First is collegiality. Are you a cooperative person who will help others thrive and not put them down? Can you communicate your ideas in ways that encourage rather than terrify others? I put this first because it is probably the only thing we really need the interview for. All the other things can generally be learned from reading your papers, looking at your CV, and reading the letters that recommend you to us, though only the committee will take the time to do this. Perhaps there are some universities that would hire brilliance even packaged in a mean, selfish human being. Not us. I’ll include in this category evidence that you will be good at teaching, mentoring, service, and possibly outreach. This is simply because you care to share and to help others. Almost no one that I have seen interview has failed this criterion, but it is possible, and has happened.

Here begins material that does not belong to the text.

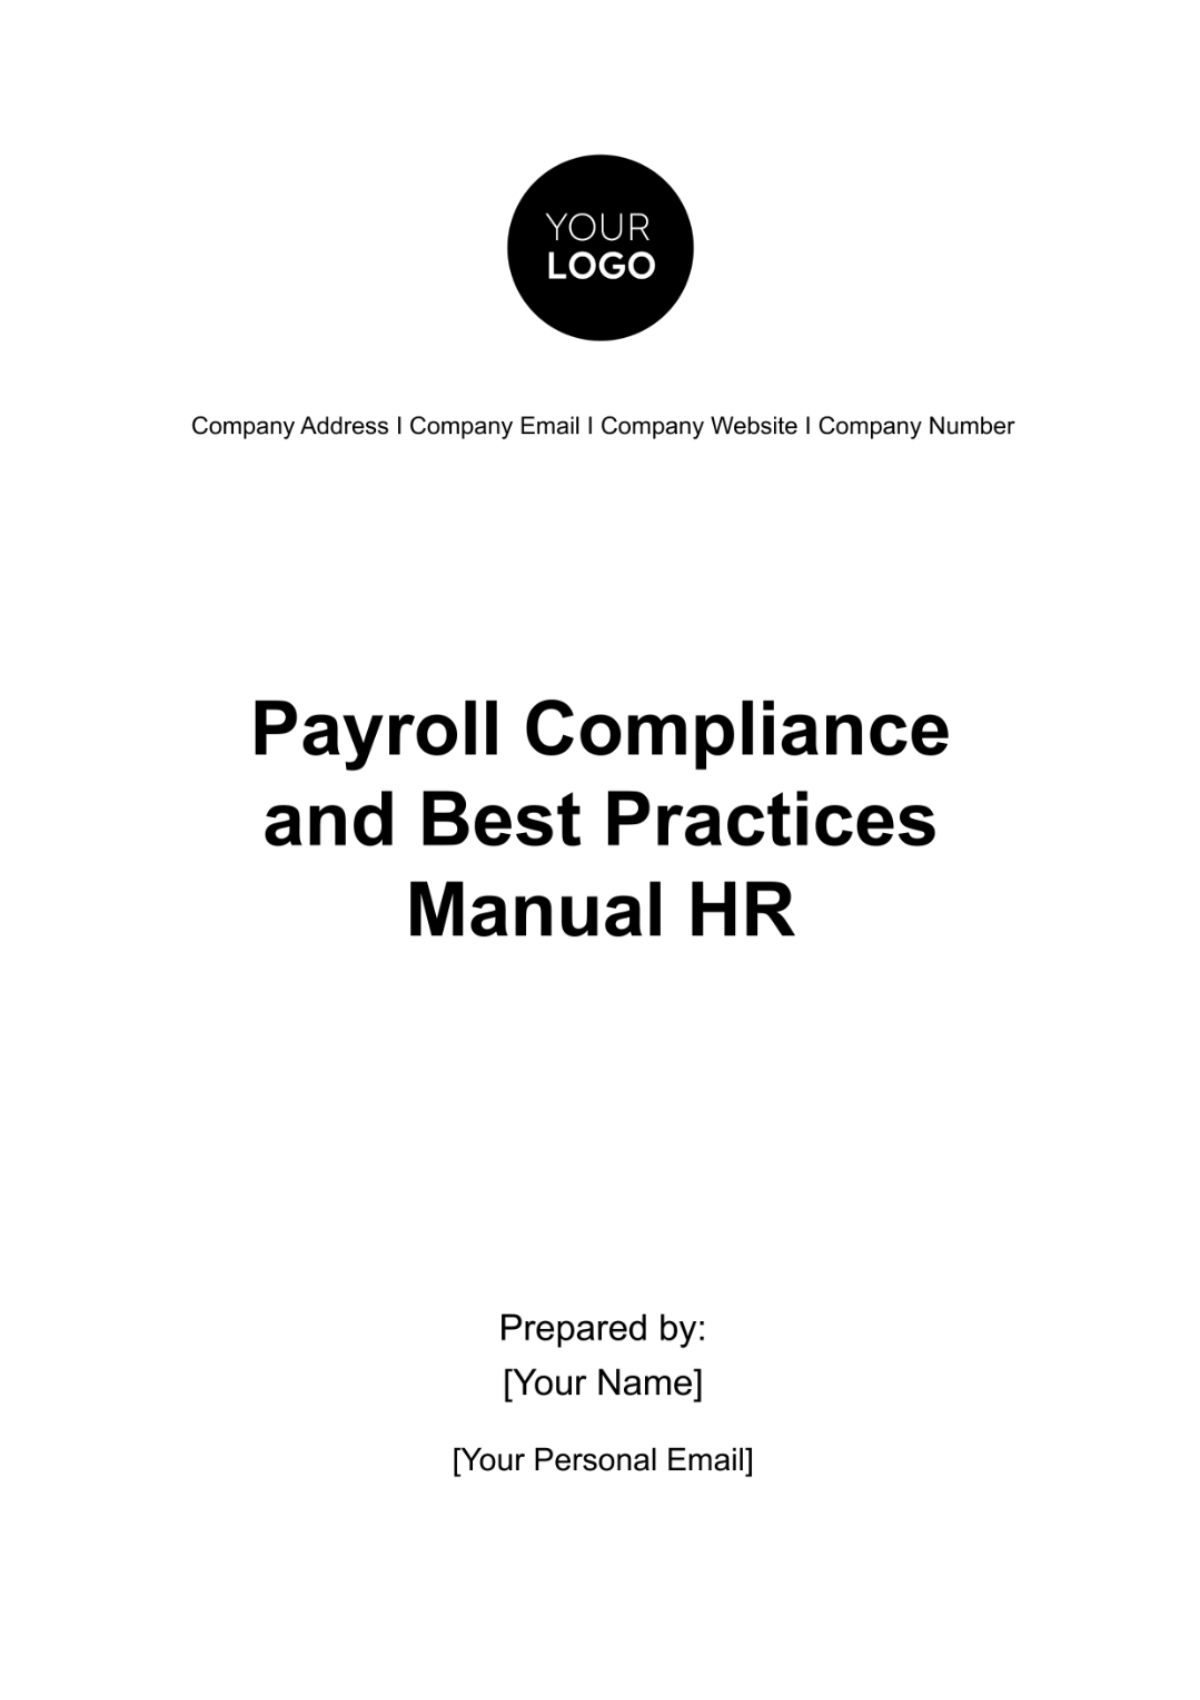 Payroll Compliance and Best Practices Manual HR Template

Second is what you have done. What ideas have you pursued and what have you figured out? This is our best guess as to what you will do in the future. We read your papers and see if they are interesting, address big questions and arrive at answers. We get a sense of how careful you are and how willing you are to make clear what you can and cannot answer. If you reach the interview stage, you have certainly succeeded with this one. Generally we have to make tough choices and lots of people we do not interview also succeed with this. Just be sure you go for big ideas and break your stuff into publishable units. Really thorny problems you might never feel are ready for publication can still be published at some point. Just make it really clear in the methods what you did and what the shortcomings might be.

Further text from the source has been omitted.